2. Incorrect Base Case Handling

Another pitfall is forgetting to properly handle the base case or using the wrong condition.

Pitfall Example:

def dfs(student_idx, current_sum):
    # BAD: Using > instead of >=, missing the last student
    if student_idx > m:  
        max_sum = max(max_sum, current_sum)
        return

Solution: Use student_idx >= m to ensure all m students (indexed 0 to m-1) have been assigned before updating the answer.

3. Forgetting to Backtrack (Restore State)

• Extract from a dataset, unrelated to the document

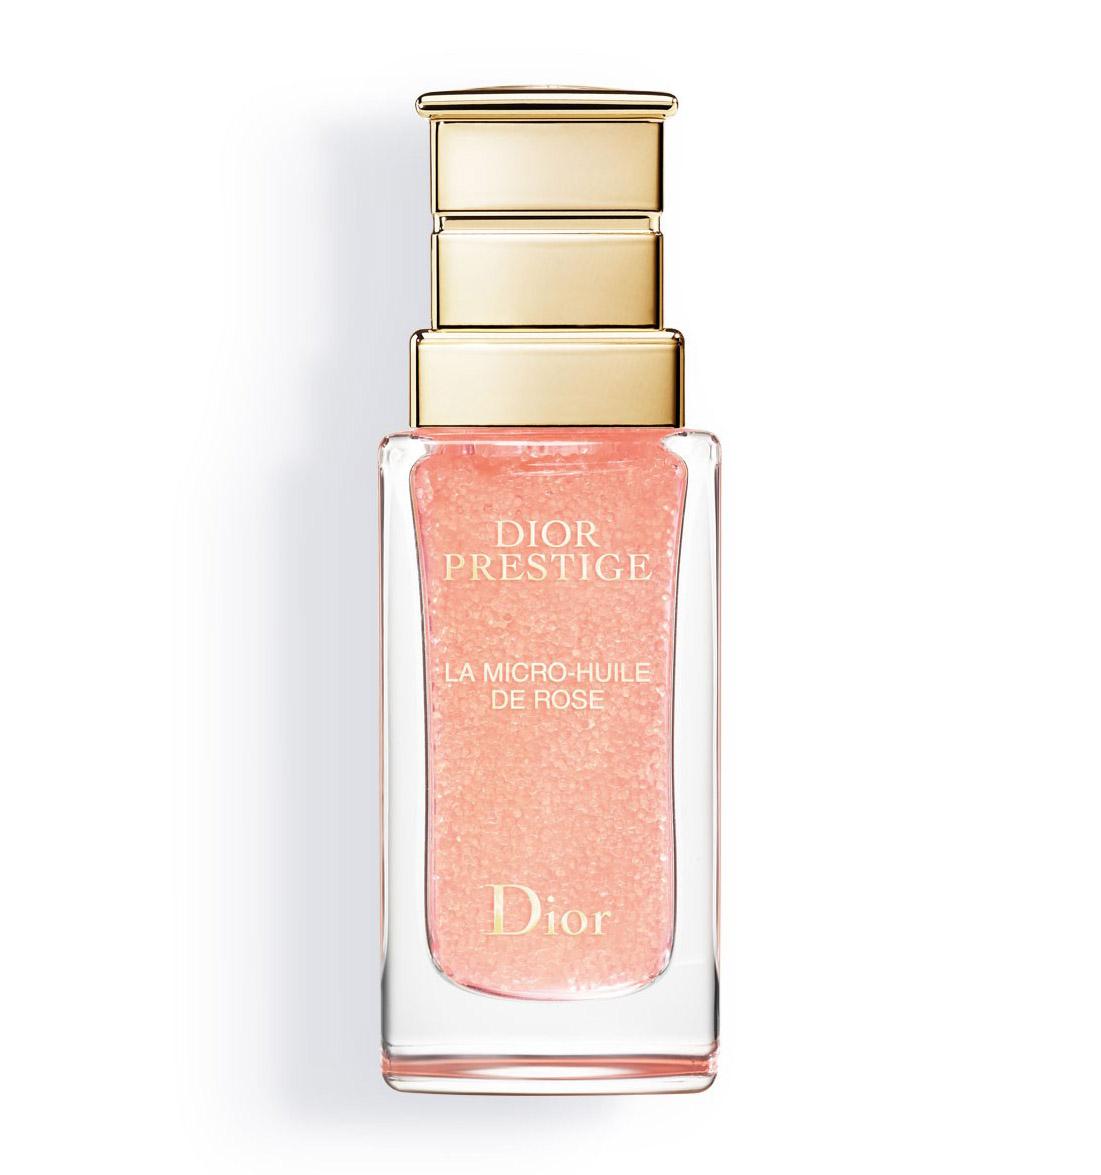 Christian Dior クリスチャンディオール プレステージ ユイル ド ローズ 30ml 美容液

A critical error is not properly restoring the state after exploring a branch in the recursion tree.

Pitfall Example:

for mentor_idx in range(m):
    if not visited[mentor_idx]:
        visited[mentor_idx] = True
        dfs(student_idx + 1, current_sum + compatibility[student_idx][mentor_idx])
        # BAD: Forgot to reset visited[mentor_idx] = False

Solution: Always restore the state after the recursive call returns:

visited[mentor_idx] = True
dfs(student_idx + 1, current_sum + compatibility[student_idx][mentor_idx])
visited[mentor_idx] = False  # Critical: Reset for other branches

4. Using Global Variables Incorrectly in Python

Python requires the nonlocal keyword to modify variables from an enclosing scope.

Pitfall Example:

def maxCompatibilitySum(self, students, mentors):
    max_sum = 0
  
    def dfs(i, s):
        if i >= m:
            # BAD: This creates a local variable instead of modifying the outer one
            max_sum = max(max_sum, s)  # UnboundLocalError

Solution: Declare the variable as nonlocal:

def dfs(i, s):
    if i >= m:
        nonlocal max_sum
        max_sum = max(max_sum, s)

5. Attempting Greedy Approach

A tempting but incorrect approach is trying to solve this greedily by always choosing the best available mentor for each student.

Pitfall Example:

# BAD: Greedy approach - doesn't guarantee optimal solution
total = 0
used = [False] * m
for student_idx in range(m):
    best_score = -1
    best_mentor = -1
    for mentor_idx in range(m):
        if not used[mentor_idx]:
            score = compatibility[student_idx][mentor_idx]
            if score > best_score:
                best_score = score
                best_mentor = mentor_idx
    used[best_mentor] = True
    total += best_score

Solution: This is an assignment problem that requires exploring all possibilities. The greedy approach can miss the globally optimal solution because choosing the best mentor for one student might prevent a better overall pairing. Always use the complete backtracking approach to guarantee finding the maximum sum.